Утро выдалось погожим. Солнце встало несколько часов назад, но не успело прогреть воздух до полуденного зноя, делая пребывание на улице комфортным и освежающим. Белые, пушистые облака сновали по небу взад и вперед, подгоняемые неспешно дующим ветром. Жизнь вокруг замерла в предвкушении важного события, которое должен был огласить новый хозяин. Работы в полях, как и положено, отменились, согласно распоряжению нового господина. Рабы, выстроенные вдоль бараков, терпеливо дожидались появления Флавиана, при этом тихонько переговаривались между собой, пытаясь угадать, зачем этот маневр придуман.

– Наверное, хочет объяснить нам новые правила, – говорил один невысокий, сгорбленный от работы старичок.

– А я слышал, что он сильный хозяин!!! Скорее хочет посмотреть на свое хозяйство, и на нас конечно. – отвечал ему второй.

– Нет!!, – вмешался третий, – он хочет …. .

Но раб не успел договорить, как из-за деревьев появился Флавиан, сопровождаемый своим сыном и виликом Паллой, бегущим впереди и услужливо указывающим дорогу. Они разгорячённо спорили, это стало слышно по отрывкам слов, доносящихся с их стороны, и видно по активной жестикуляции разговаривающих. Когда хозяева поравнялись с первой шеренгой, то смысл их диалога стал обретать понятный и ничего хорошего не суливший, смысл.

– И я не намерен кормить дряхлые рты, не приносящие ничего, кроме боли от созерцания их сущности – доказывал старик своему сыну, раскрасневшись от нервного напряжения, и раздосадованный упрямством ребенка. Однако, на Луция его полукрик совершенно не действовал. Он был по-прежнему спокоен, холоден взглядом и уверен в себе. Это одновременно бесило и радовало отца.

– Ты хотел услышать мое мнение отец, и я его еще раз тебе повторяю!!! Неправильно делать выборку по внешнему виду. Надо посмотреть на трудяг за работой, посоветоваться с надсмотрщиками, дать каждому возможность проявить себя. Но, разумеется, окончательное решение будет принято только тобой – отвечал подросток монотонным голосом, с примесью пренебрежения.

Отдышавшись после прогулки и спора, Флавиан окинул злобным взглядом выстроенных рабов. Еще раз посмотрел на сына, как бы спрашивая его не передумал ли тот, и не увидев правильного ответа, пошел вдоль выстроенных рядов, показывая пальцем то на одного, то на другого невольника, зловещее добавляя: «Ты». Следом шел Палла, запоминая выбор господина. Луций остался стоять на месте, провожая отца равнодушным, безразличным взглядом. Меж тем, выборка Флавиана не заняла много времени и по ее окончанию, никому не говоря не слова, хозяин молча направился восвояси. Он был зол и даже можно сказать, смотрелся взбешенным поведением сына. Его раздражало не то, что сын с ним не соглашался, а то, что у него вообще есть альтернативная точка зрения, и она не похожа на его. Ведь он растил и обучал сына с самого измальства, и делал это правильно!! Откуда взялся тогда этот глупый гуманизм?? Всё тлетворное влияние матери!! Ух, устрою ей баню, как попадется мне на глаза. Флавиан громко плюнул через плечо и не оборачиваясь растаял за деревьями. Меж тем Луций и вида не подал, что его это как встревожило или расстроило. Он так и остался стоять совершенно невозмутимым и теперь, с этим же ледяным спокойствием, наблюдал за дальнейшим развитием событий.

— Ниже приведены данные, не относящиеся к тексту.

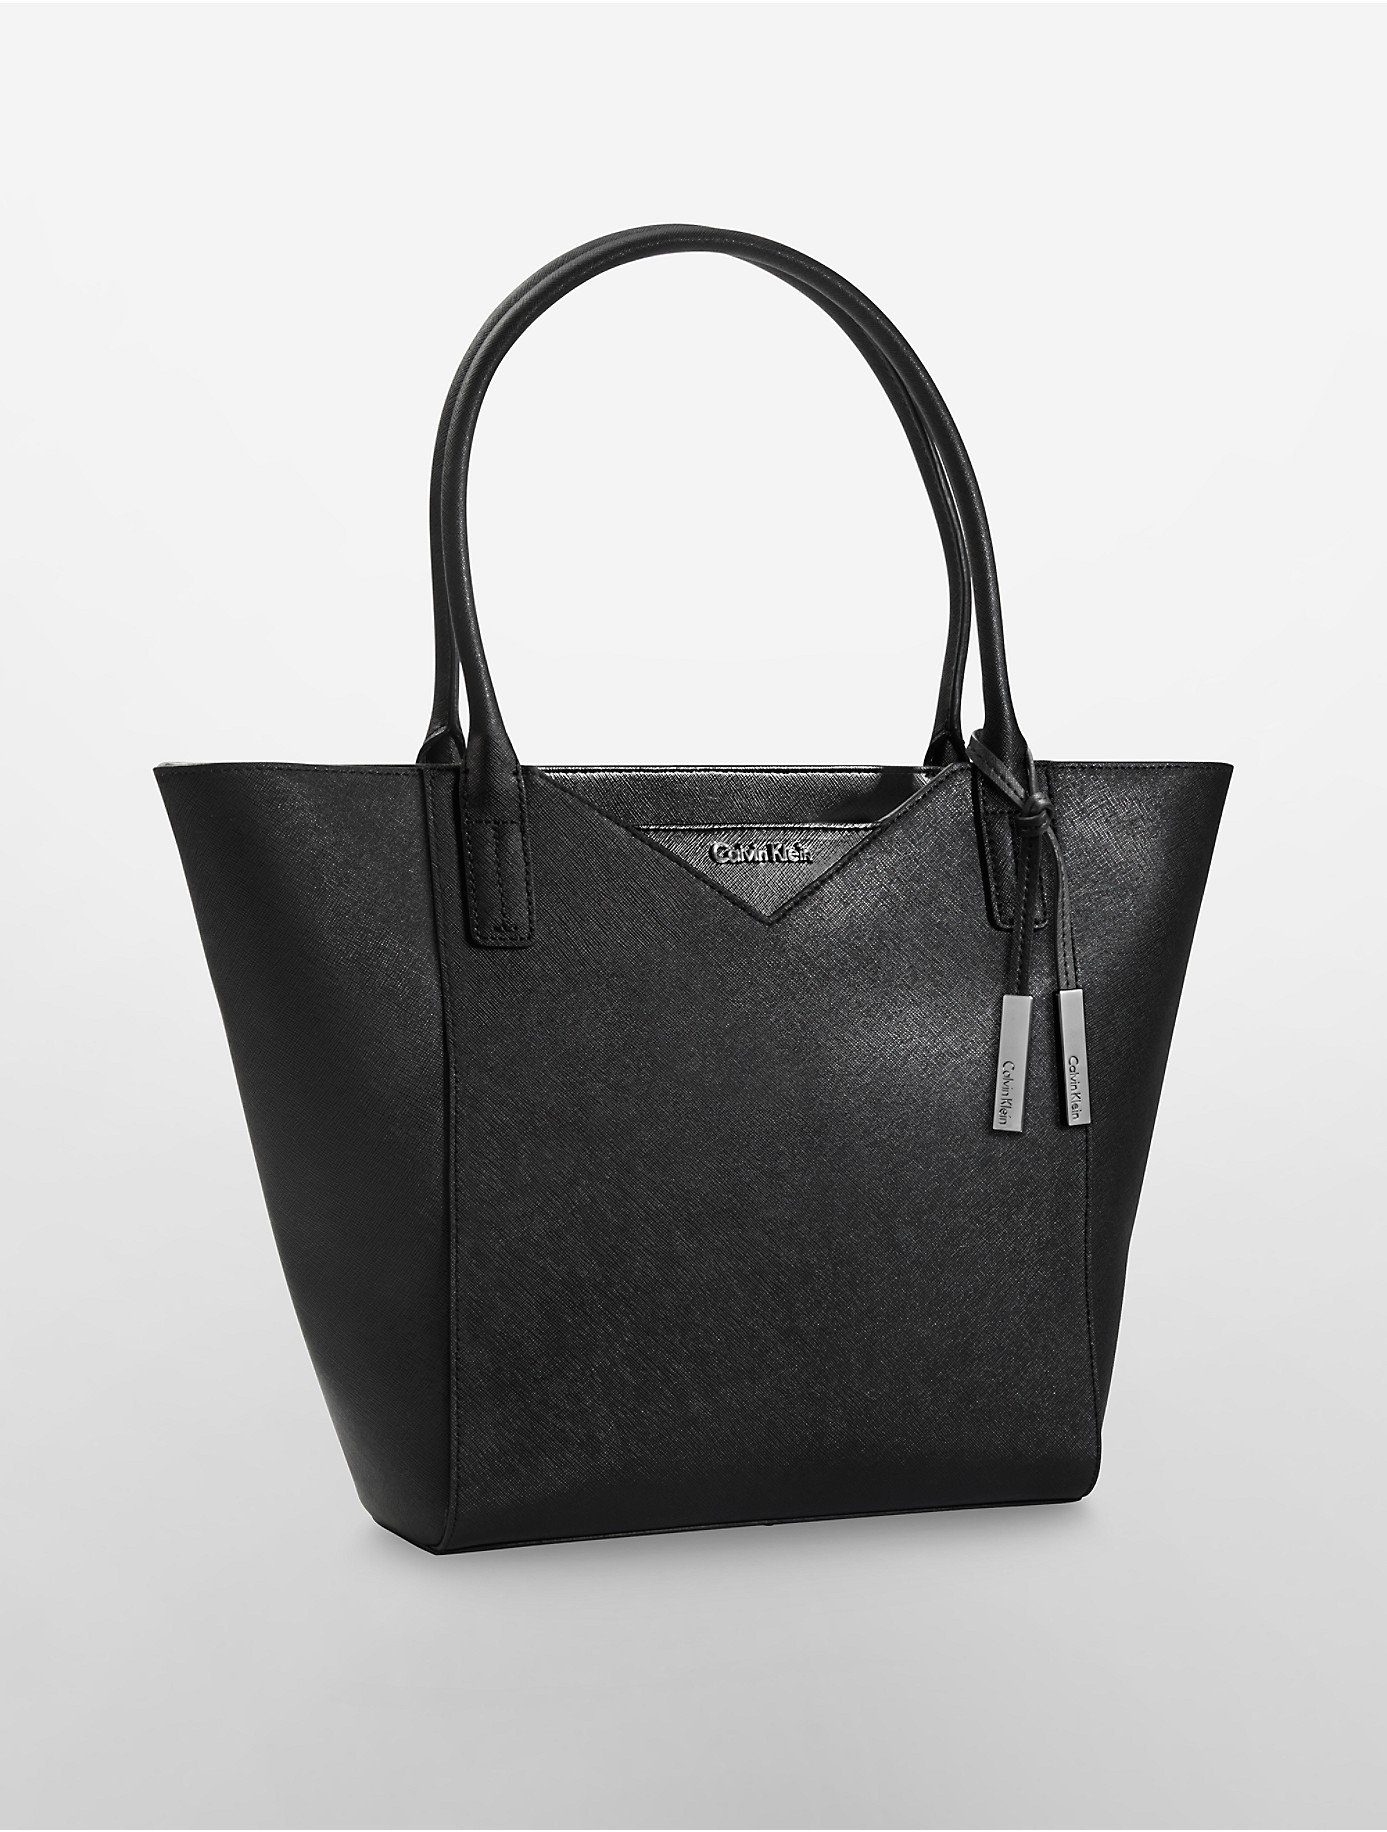 Lyst - Calvin Klein White Label Saffiano Leather Large Winged Tote Bag ...

С уходом господина стало так тихо, что в воздухе слышалось дуновение ветра или перелет одинокой птицы, хлопающей крыльями, над их головами. Сотни испуганно-взволнованных глаз впились в Паллу и Луция, взглядами полными надежды, тревоги и страха. Шума не было, каждый из стоящих в шеренгах боялся нарушить это мгновение. Каждый понимал, что вот-вот произойдет что-то ужасное, необратимое. Все как один догадались, что хозяин непросто так приходил, и не просто так выбирал бедолаг. Критериев отбора тяжело было не заметить. Перст властителя, безошибочно, определял в толпе слабых, больных и измотанных. Предполагать другую участь для них оказалось, решительно, невозможно. Сегодня происходила чистка, в самом суровом её проявлении. Соленые струйки слез потекли по загорелым и запыленным лицам, ведь не один год прожили они вместе, под одною крышей. Сегодня не было важно, выбрали тебя или нет, сегодня каждый терял кого-то. Молча, вытирая влажные глаза, грубыми от работы руками рабы переглядывались между собой, не произнося не слова. Да и не нужно ничего говорить. Всё и так понятно. Они прощались. Прощались еле заметными кивками, короткими быстрыми перемигиваниями, еле заметными движениями. Прощались взглядами, в которых, лучше всяких слов читались грусть, скорбь и отчаяние. Как будто бы невзначай, вторя происходящим событиям, из-за бугра показалась вооруженная охрана, с обнаженными, переливающимися при свете дня, клинками. Общий вздох страдания вырвался из тысячи грудей. Чистые слезы, тонкими струями, увлажнили даже самые крепкие лица рабов, привыкших к лишениям. Сейчас для кого-то обрывалась жизнь, кто-то терял отца, кто-то мать или друга. Однако, все как один стояли в шеренгах, не решаясь пошевелится. Ведь приговор еще не оглашен, а значит, какой-то мизерный, незаметный шанс все-таки есть. Вдруг я ошибся, вдруг мой сосед тоже неправильно подумал, вдруг ничего не произойдёт. Таким вот горьким иллюзиями тешили себя работяги на закате своего бытия. Вилик, опытный в подобных делах, дабы не допустить беспорядков, быстрой скороговоркой, начал оглашать:

– Всем, на кого указал перст господина, остаться. Остальные возвращаются обратно на работы. Быстро!!! Быстро!!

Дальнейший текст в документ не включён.